SUPPLIED INFORMATION:
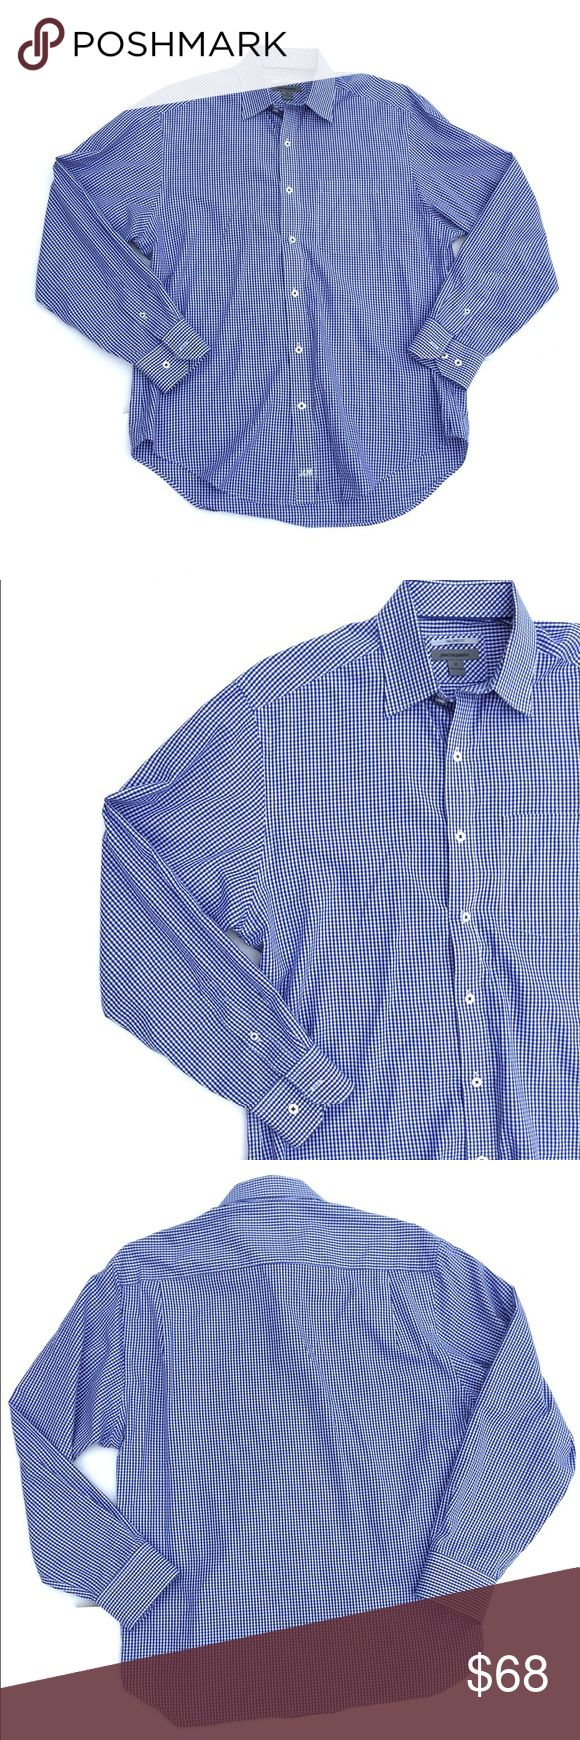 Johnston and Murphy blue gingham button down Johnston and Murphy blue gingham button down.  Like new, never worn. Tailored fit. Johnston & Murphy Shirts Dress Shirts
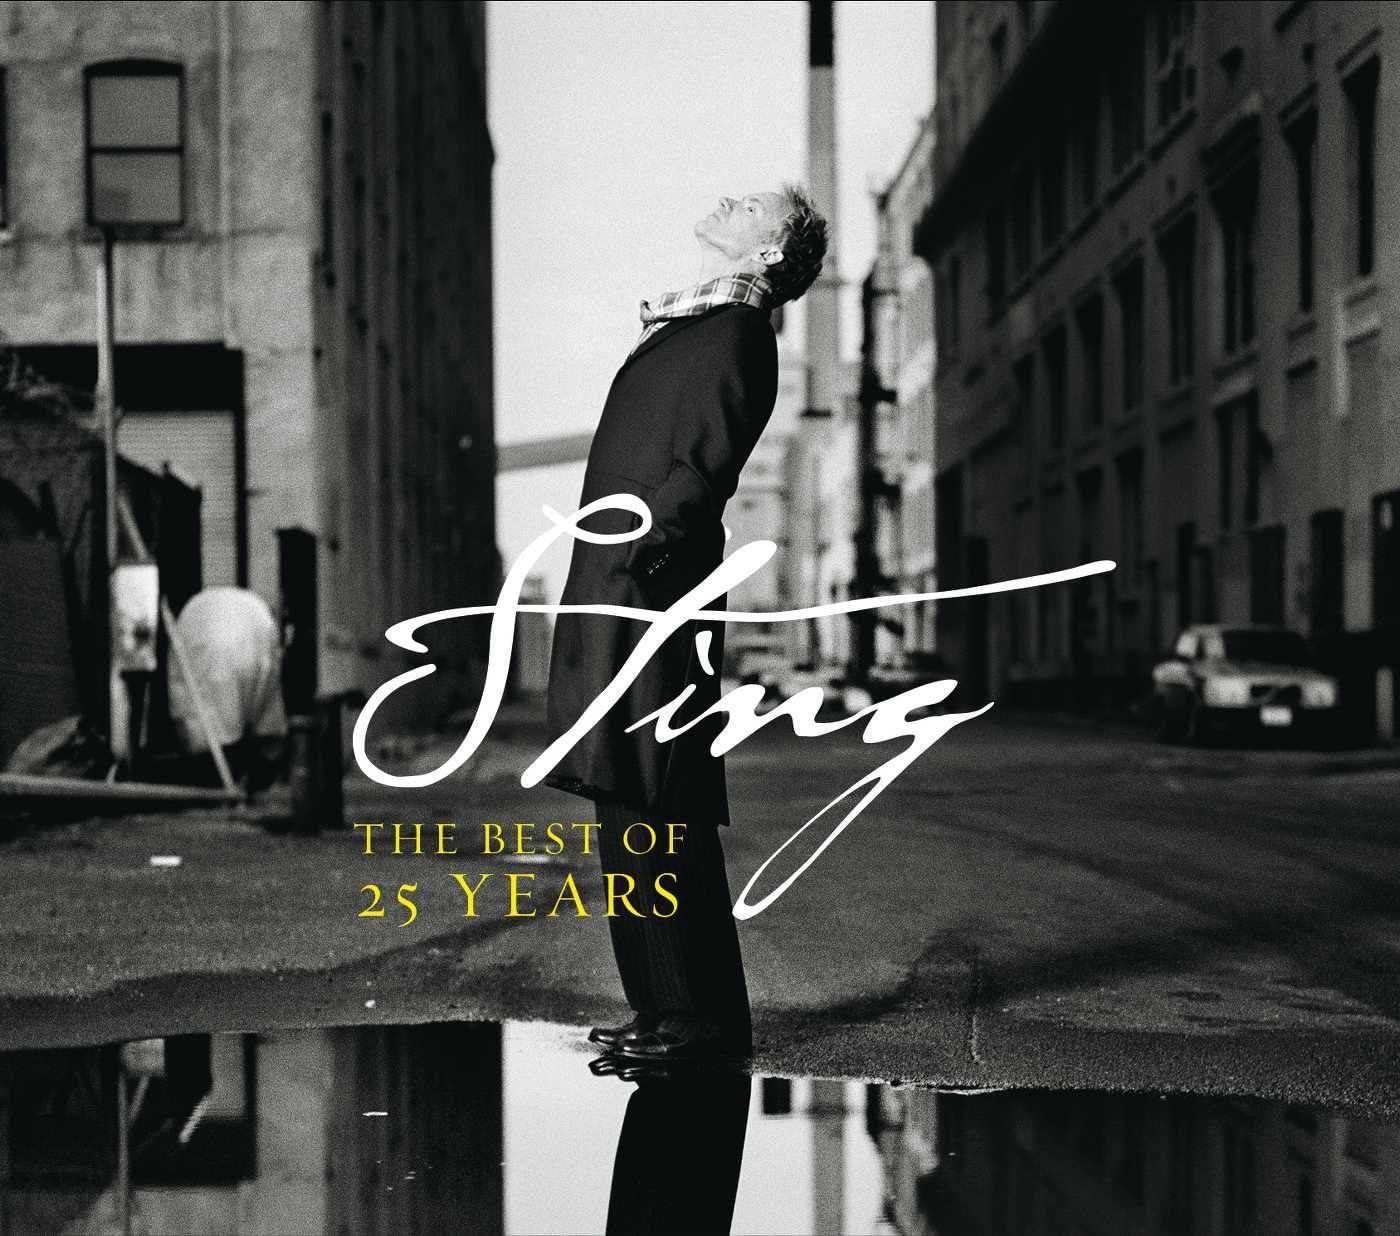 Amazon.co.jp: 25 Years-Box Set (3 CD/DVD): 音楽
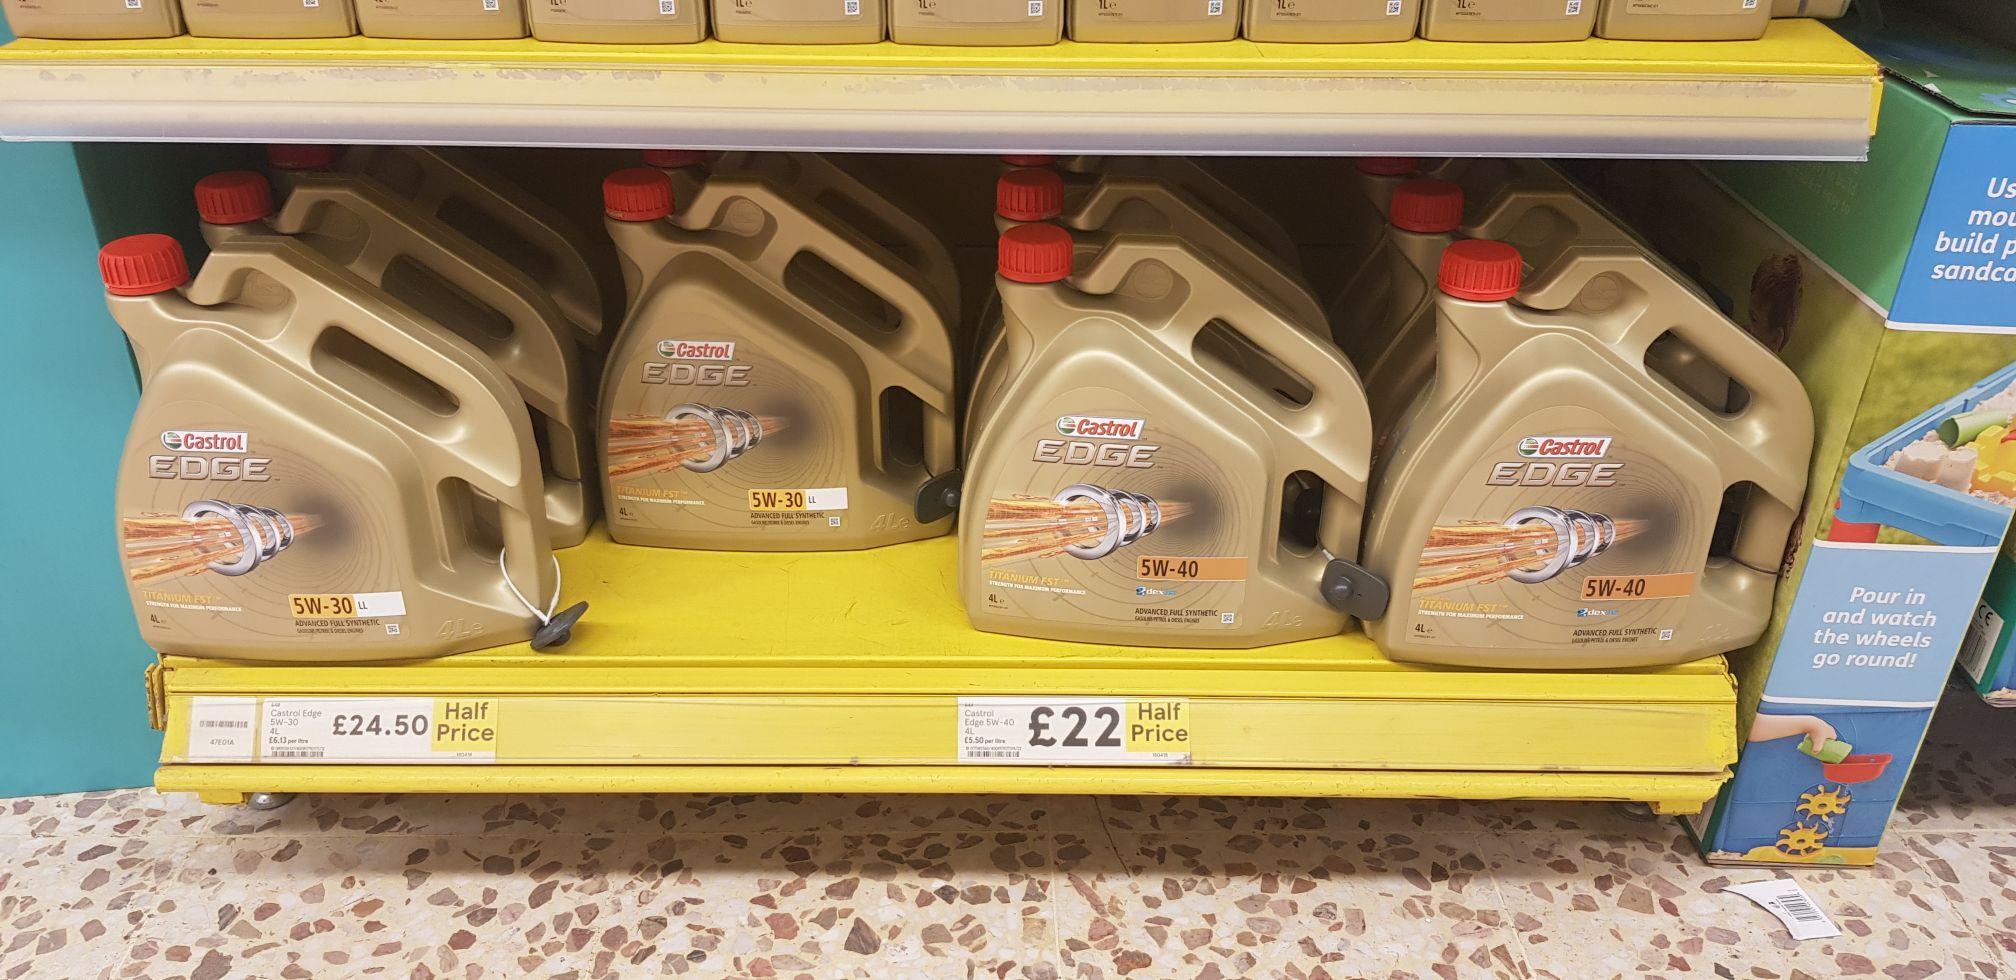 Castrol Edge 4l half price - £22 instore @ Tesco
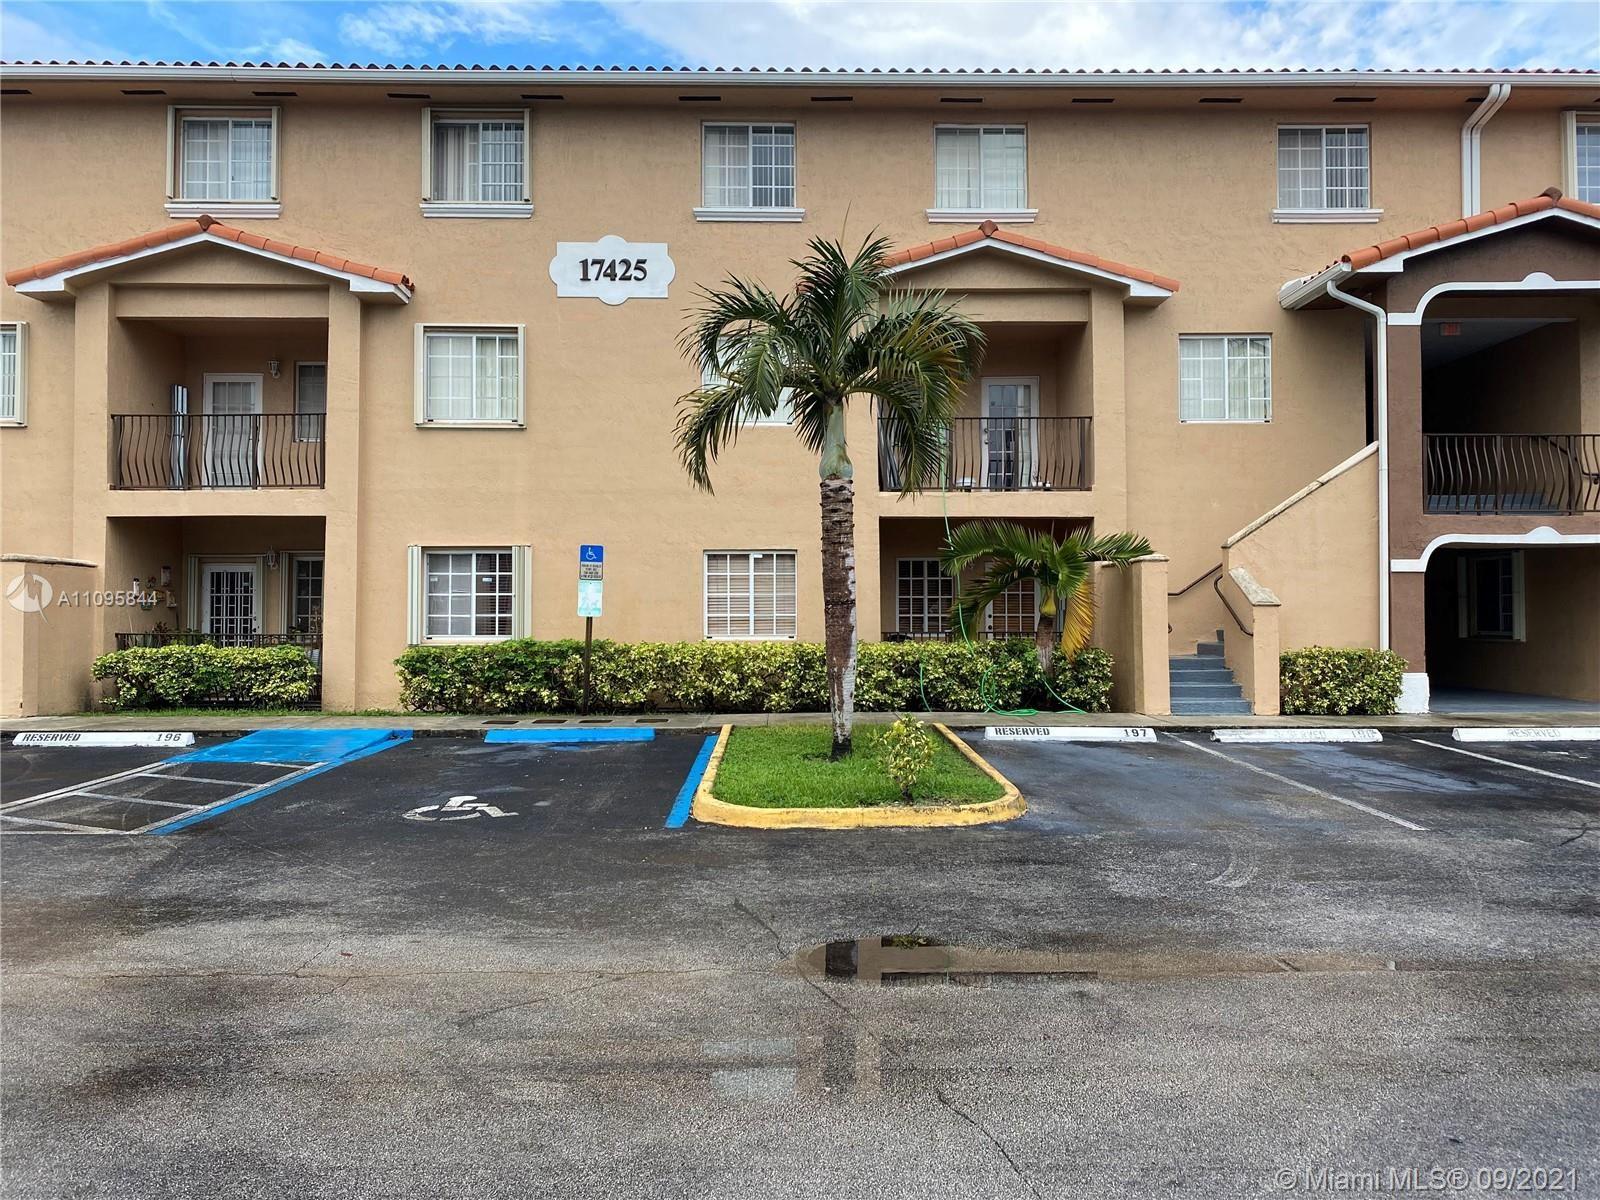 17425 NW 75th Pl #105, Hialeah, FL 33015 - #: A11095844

ABOUT THIS TASK: Exactly as written, return each line above and leave the pictures behind.

YOUR RESPONSE:
 Johnston and Murphy blue gingham button down Johnston and Murphy blue gingham button down.  Like new, never worn. Tailored fit. Johnston & Murphy Shirts Dress Shirts
 Amazon.co.jp: 25 Years-Box Set (3 CD/DVD): 音楽
 Castrol Edge 4l half price - £22 instore @ Tesco
 17425 NW 75th Pl #105, Hialeah, FL 33015 - #: A11095844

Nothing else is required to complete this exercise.